GURPS Jade Regent – Ice Tower
We ended last game with the weather finally clearing enough for us to head north to the Frozen Tower (probably of Doom!). We are starting to – perhaps – approach the pole when a strange blue glow is seen on the horizon. It dominates the dark sky like the Luxor.
It’s cold. Damn cold. -100F/-73C cold.
The shaft of light emanates from a hexagonal tower, some 100m tall, whose top crackles with blue energy, a raging storm swirling above the light.
GM: The winds are SCREAMING here. This is the windiest wind that a wind ever did wind.
A shattered causeway leads from the shore of the frozen lake to a hexagonal entrace on ther northern face of the tower. It begs us (metaphorically) to venture on . . . and die.
Or maybe I’m just reading too much into this. Nope:
Everyone makes out skeletons of various creatures (including humanoids) slowly moving aimlessly in the lake around the tower.
Cadmus wonders out loud if this place feels quite as evil as the last black basalt thing we encountered, and he can feel the nasty emanating from the lake from the low hill you guys are scouting from.
Yep. Evil. Damn evil.
We also decide that this is in fact the Creepy Black Tower by the Lake, but not the Nameless Spires, which are at the north pole and well, “spires,” not “spire with vertical maglite.”
Cadmus prays for guidance, but receives none.
Cadmus: “Pharasma ignored me. So either we’re doing the right thing, or too stupid to keep living and she’ll see us Real Soon.”
Thumvar: “Or you at least.”
Cadmus: “Fair point.”
Shiba bats an eye at this weird foreign pagan reassurance, but only an eye. “Care to wager on that, Cadmus-sempai?”

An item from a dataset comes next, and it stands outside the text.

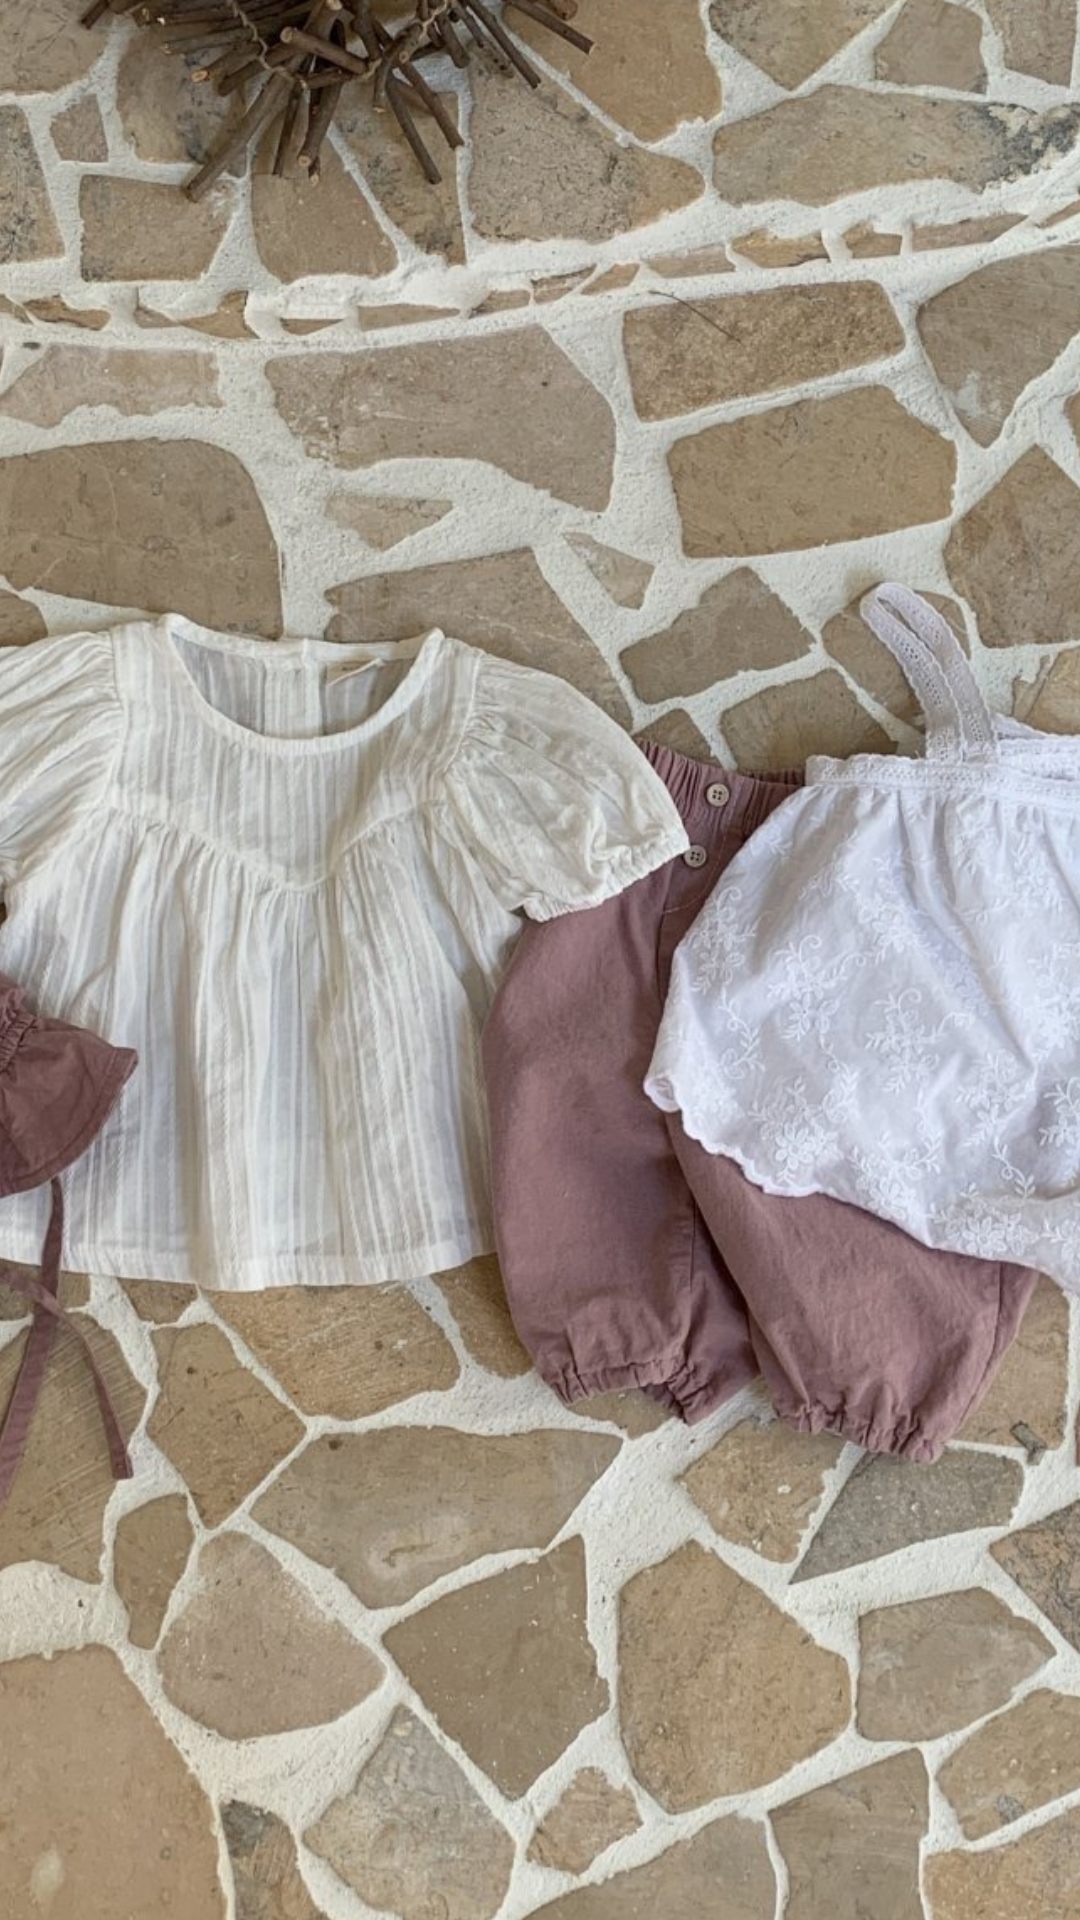 Babys Bebe Holic Raoul-Bluse auf rustikalem Steinboden, bestehend aus einem weißen Rüschenoberteil mit luftiger Ärmelgestaltung und einem staubrosafarbenen Overall mit Spitzendetails.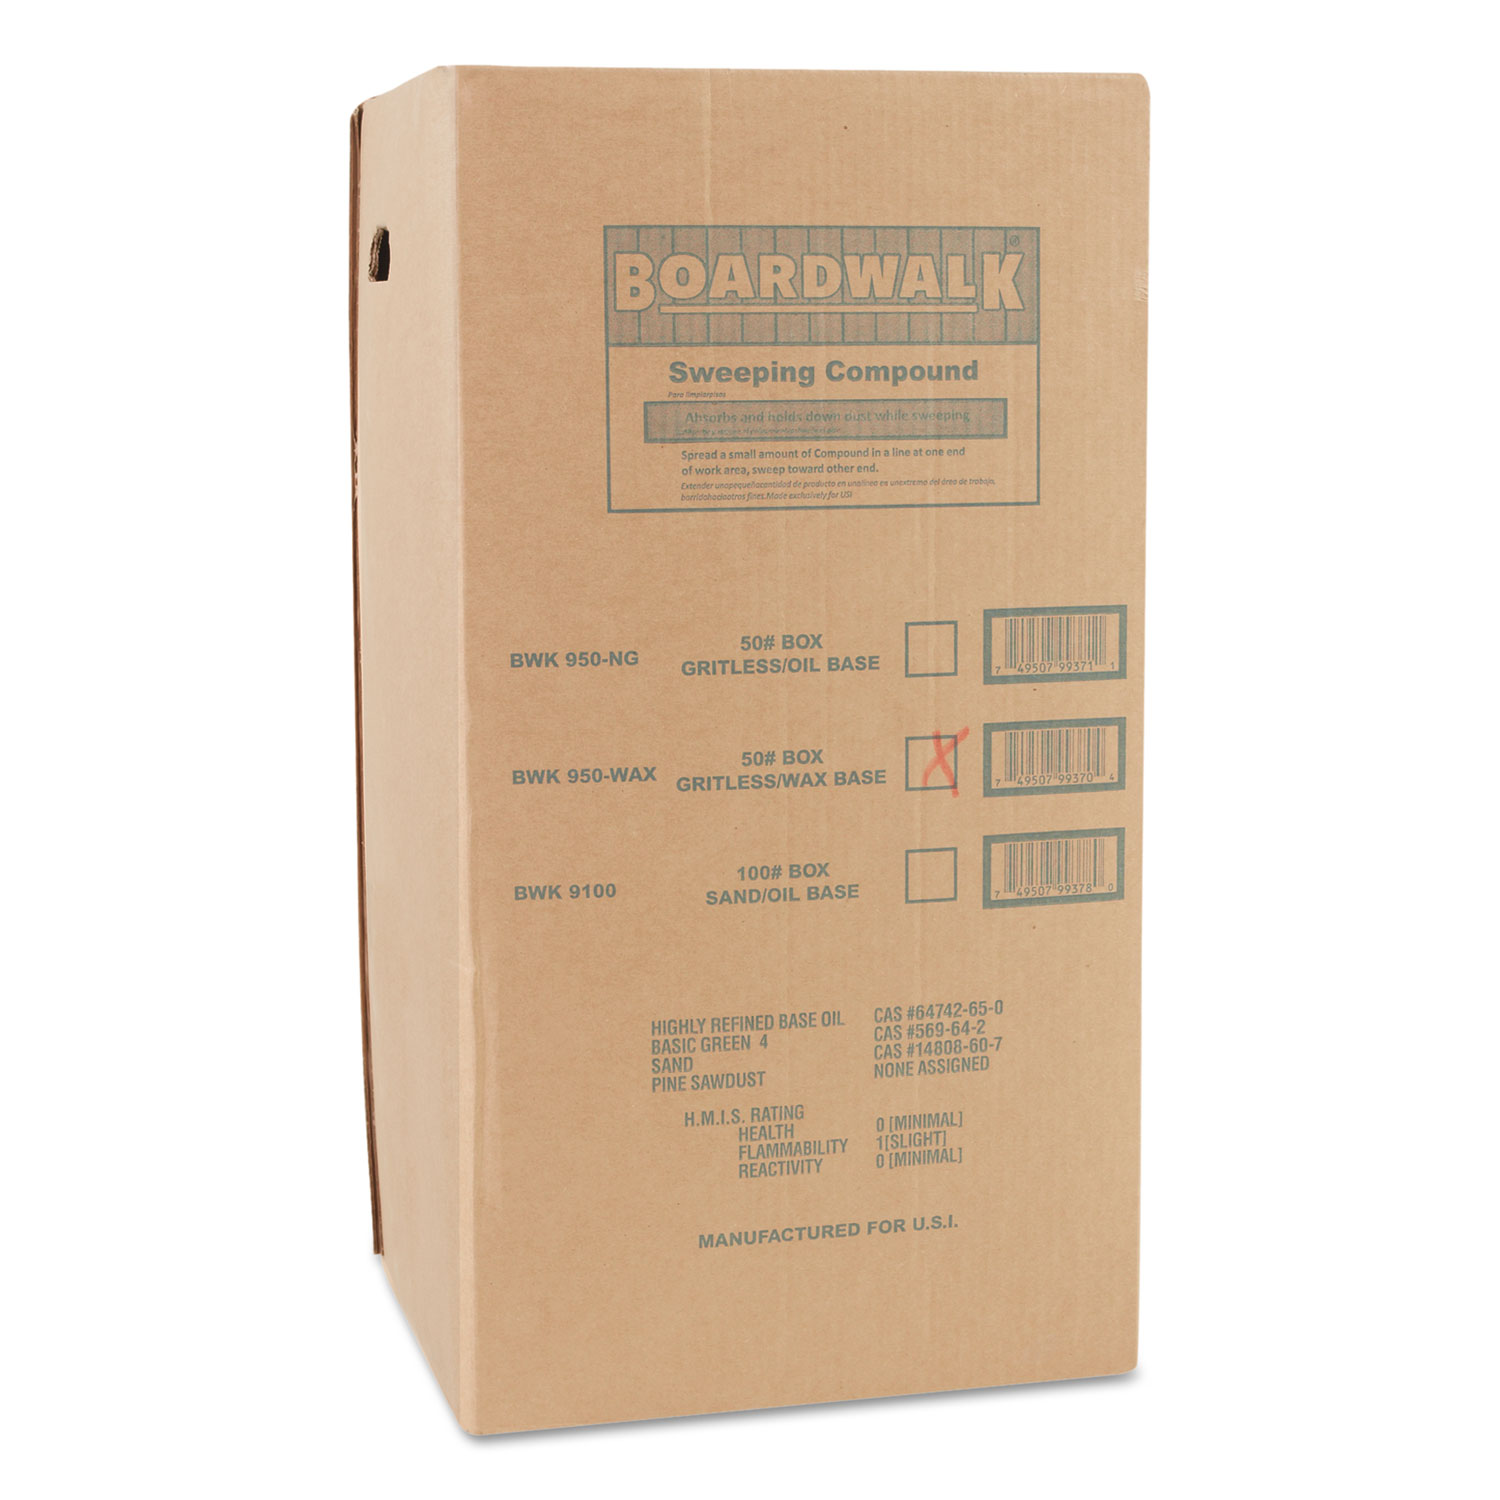  Boardwalk BWK4065 Wax Base Sweeping Compound, Granular, 50 lb Box (BWK4065)

Cadmus: “Absolutely. 100 silver says we make it halfway up and then encounter some Unspeakable terror, which is just a warm-up for the challenge we face extinguishing that light source.”
Jaded pros, we are.
We decide sneakitude is the best course, and start up the causeway. The Big Clunky Warriors make their rolls by 3 and 5. The Mystic Knight by 1, and the Scout is embarrassed by only making her roll by 3.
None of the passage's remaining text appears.